When I was going through the physical process of my miscarriage, I wondered if I would ever truly feel normal again. I'm not exaggerating when I say that I cried non-stop for almost two months straight. I wore sunglasses to pick up my kids from school, ordered my groceries online, and did anything I could to actually avoid interacting with people because I just couldn't seem to control my outbursts of tears.
Looking back, what I experienced was very normal, but at the time, I really did wonder if I was normal. The truth is, there is no "one" way to grieve a miscarriage, and everyone might experience it differently, but if you are in the can't-stop-crying phase, please know that it's completely normal and there will come a time when you can get through the day without sobbing. More importantly, you should realize that there is nothing to be ashamed about if others see you crying about your loss. I had moments I couldn't control my tears in front of my dental hygienist, my mom's trainer at the gym, and my son's preschool teacher, and you know what?
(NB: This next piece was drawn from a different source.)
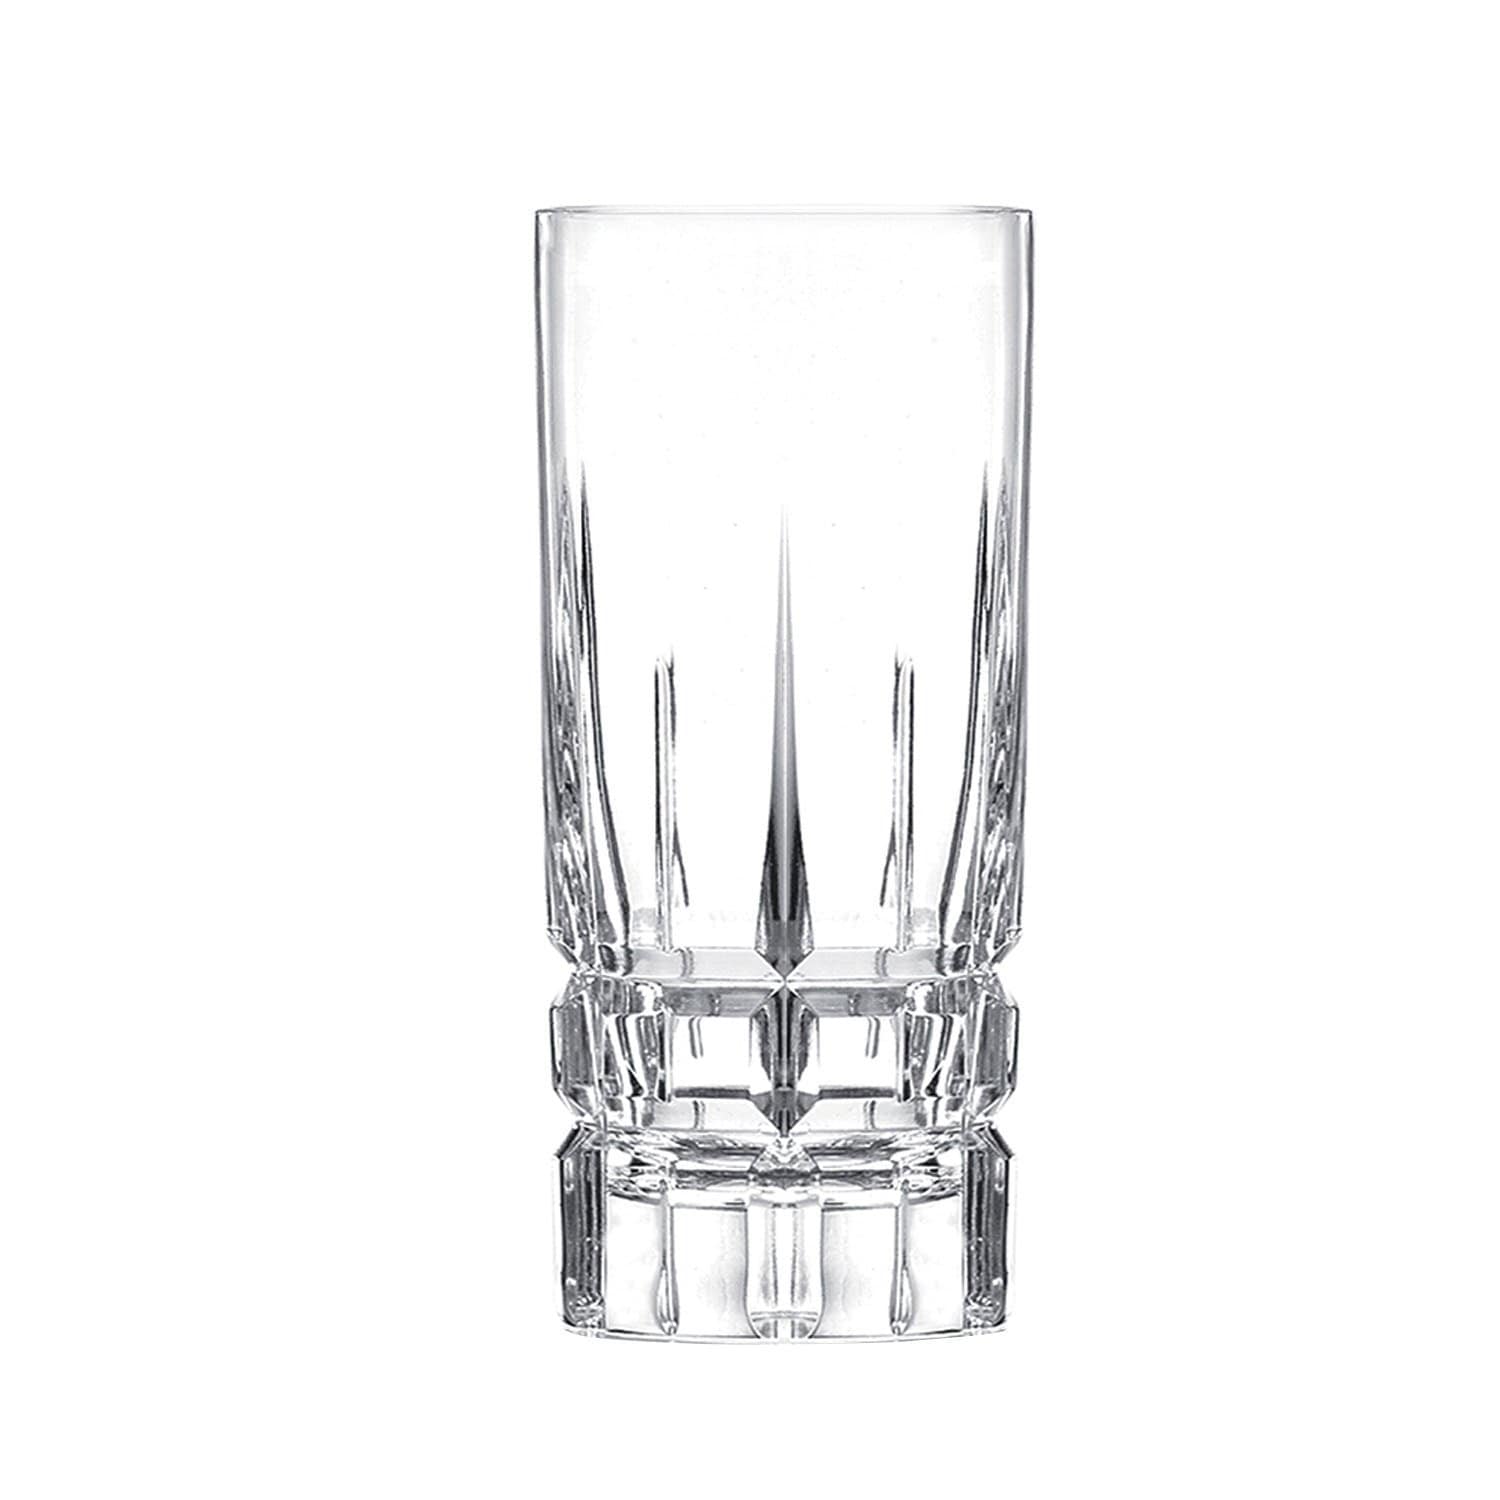 Da Vinci Crystal Long Drink Carrara Tumbler 6 Piece Set - 25624020006 - Jashanmal Home
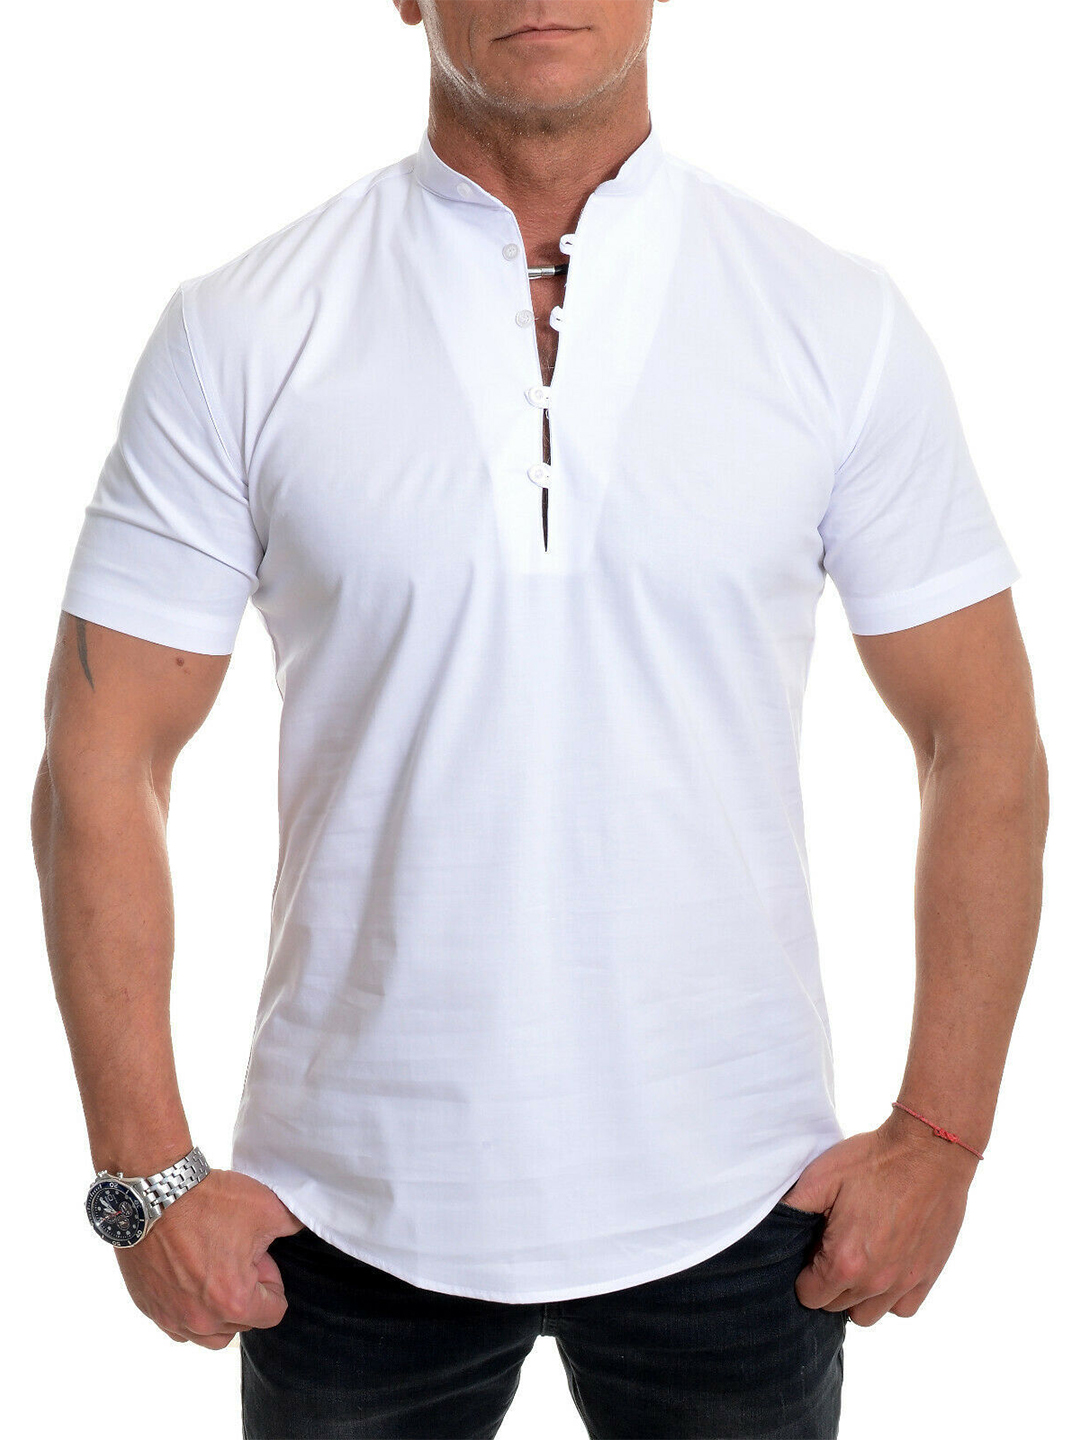 Men's Short Sleeved Casual Shirt

Every single one of those people told me that they had personally experienced a miscarriage too. There is no reason to hide your loss and chances are, it will make you feel less alone to talk about it.
6. There will always be hard days.
Even after you make it through your initial weeks of grief and crying, you should know that there will be hard days. It's been almost four months since my miscarriage now, and there are still triggers for me. Seeing a woman who is pregnant, having an acquaintance we haven't seen in a long time tease me about not having another baby yet, knowing that I will have to face a due date that won't ever come, and even strange instances, like driving down the road this morning and realizing there could have been another person in our car with us, can bring the tears back instantly for me. The truth is, it's all hard and that is OK. No one said you ever had to "get over" a miscarriage, and honoring your grief and emotions is important. Someone once told me that our tears are just an outward sign of how much love we had for that baby, and that has helped me a lot whenever I feel embarrassed about how sad I feel.
7. You can be at risk for PPD after a miscarriage.
It's important to realize that when you have a miscarriage, your body goes through an enormous amount of change in a very short time. The pregnancy hormones may linger in your body for quite some time, depending on what type of loss you've experienced, or they may drop drastically—but either way, those hormonal changes, along with the grief and difficult emotions of a miscarriage, can put you at risk for developing postpartum depression. One study showed that women who had experienced a miscarriage previously were at risk for PPD even after going on to have a healthy baby. Your feelings about losing this pregnancy won't be replaced, and they are very real. I could feel myself change after my miscarriage, and I struggled a lot with the mental and emotional aspects of the loss, especially in my anxiety levels. I found myself very anxious and prone to having panic attacks and worrying about the worst-case scenarios. I became obsessed with small things and would have to check constantly to make sure I didn't forget one of my other kids at home (even while we were already driving in the car and they were safely buckled up with me). Some degree of hormonal change and emotional changes are normal, of course, but you should realize that just because you didn't have a baby to show for it, you still went through a pregnancy and your body still went through a significant physical trauma. Just like when you have a baby, you should check in with yourself about how you are feeling; have an open and honest discussion with your partner, if applicable, about watching for signs and symptoms you may miss; and also talk with your doctor if you are experiencing any significant mental changes past six weeks that are affecting your daily activities.
The bottom line is, we hear a lot about what women can expect when they are expecting. But knowing what to expect when you are no longer expecting deserves to be talked about too.